Still, 2017 is looking like “a subpar year for the market,” said Russ Kaplan, of Russ Kaplan Investments. Like all of the value investors in the survey, he works hard to discount the effect of one-time events, which include presidential elections.

“The markets are expecting nirvana from Trump,” Kaplan said, citing what he describes as impossible expectations from some investors. “The best place to be in 2017 are financially strong companies which are undervalued; 2017 will not be a year when you can just buy stocks indiscriminately.”

On the economy and investing

A primer on recent events from Rusty Vanneman, chief investment officer at Omaha’s CLS Investments.

On the prospects for a faster-growing economy:

It could, of course, but likely not as soon as some expect. There is still so much we don’t know about the new policies. And once we do, it will still take awhile for much of it to be implemented. Lastly, when it is implemented, the market doesn’t always do what people expect.
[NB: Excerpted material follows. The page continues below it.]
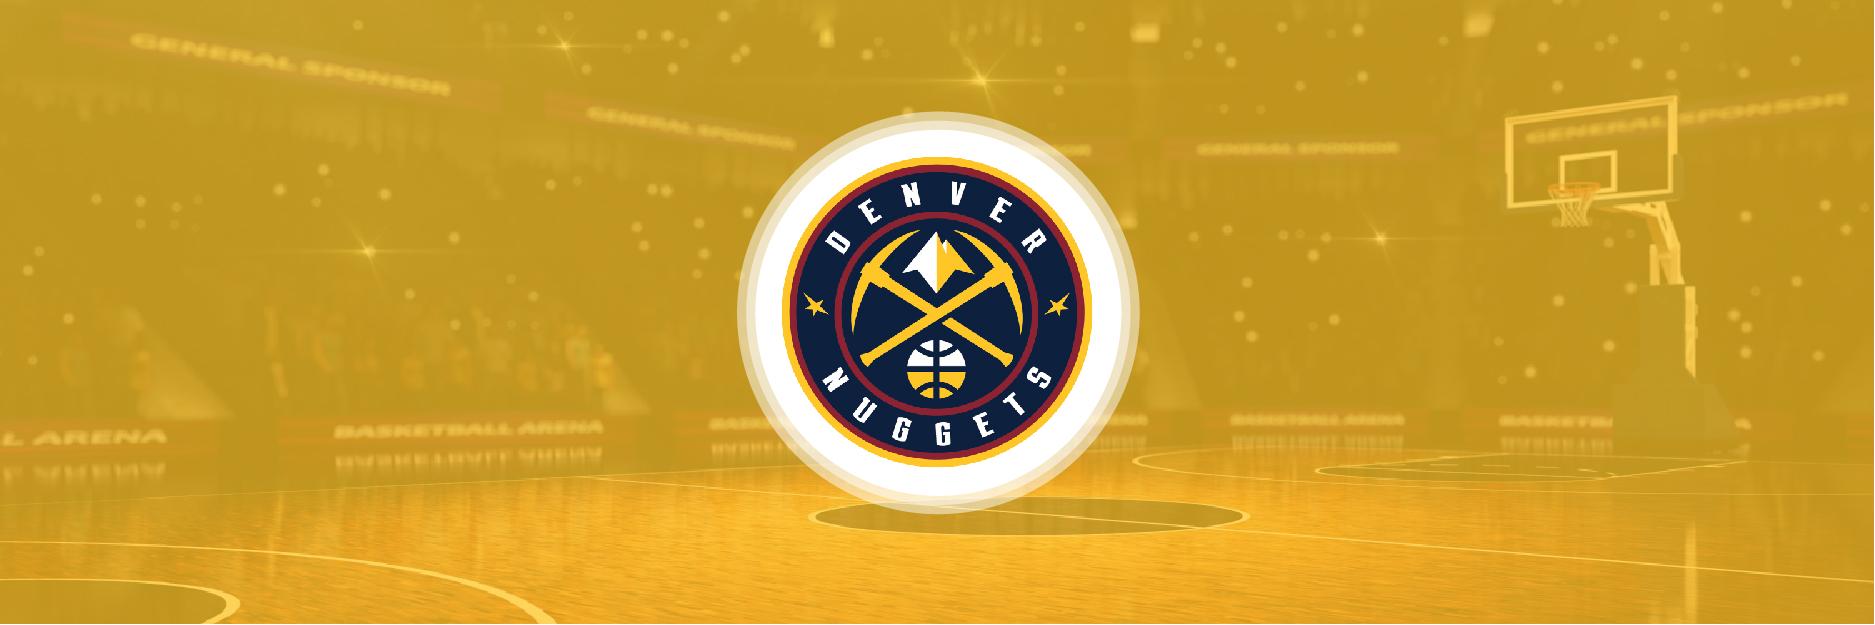 NBA Denver Nuggets 2020 Season Analysis

On investor reluctance to buy stocks with markets at or near all-time highs:

Remarkably, looking at market data going back to the 1990s, even if a long-term investor only invested at the absolute highest price in the stock market each year, they would still do far better than staying in cash. The best time to invest is when one has the money to invest.

On pessimism about the bond market:

The dangers of the bond market are, in general, far overrated. Expected returns remain low compared to historical averages, yes, but not the extreme danger that we often hear about. Even since the election, after which interest rates moved sharply higher, the overall bond market still has a positive return on the year. And even if rates continue to move higher, the bond market is still more likely than not to generate a positive return based off historical data, including past periods of rising rates.

On generating current income from investments amid low interest rates:

The best way is with a diversified portfolio, including exposure to higher yielding international securities. One should also still emphasize a total return approach to even an income portfolio, and be aware of the relatively higher risks in many income-oriented asset classes.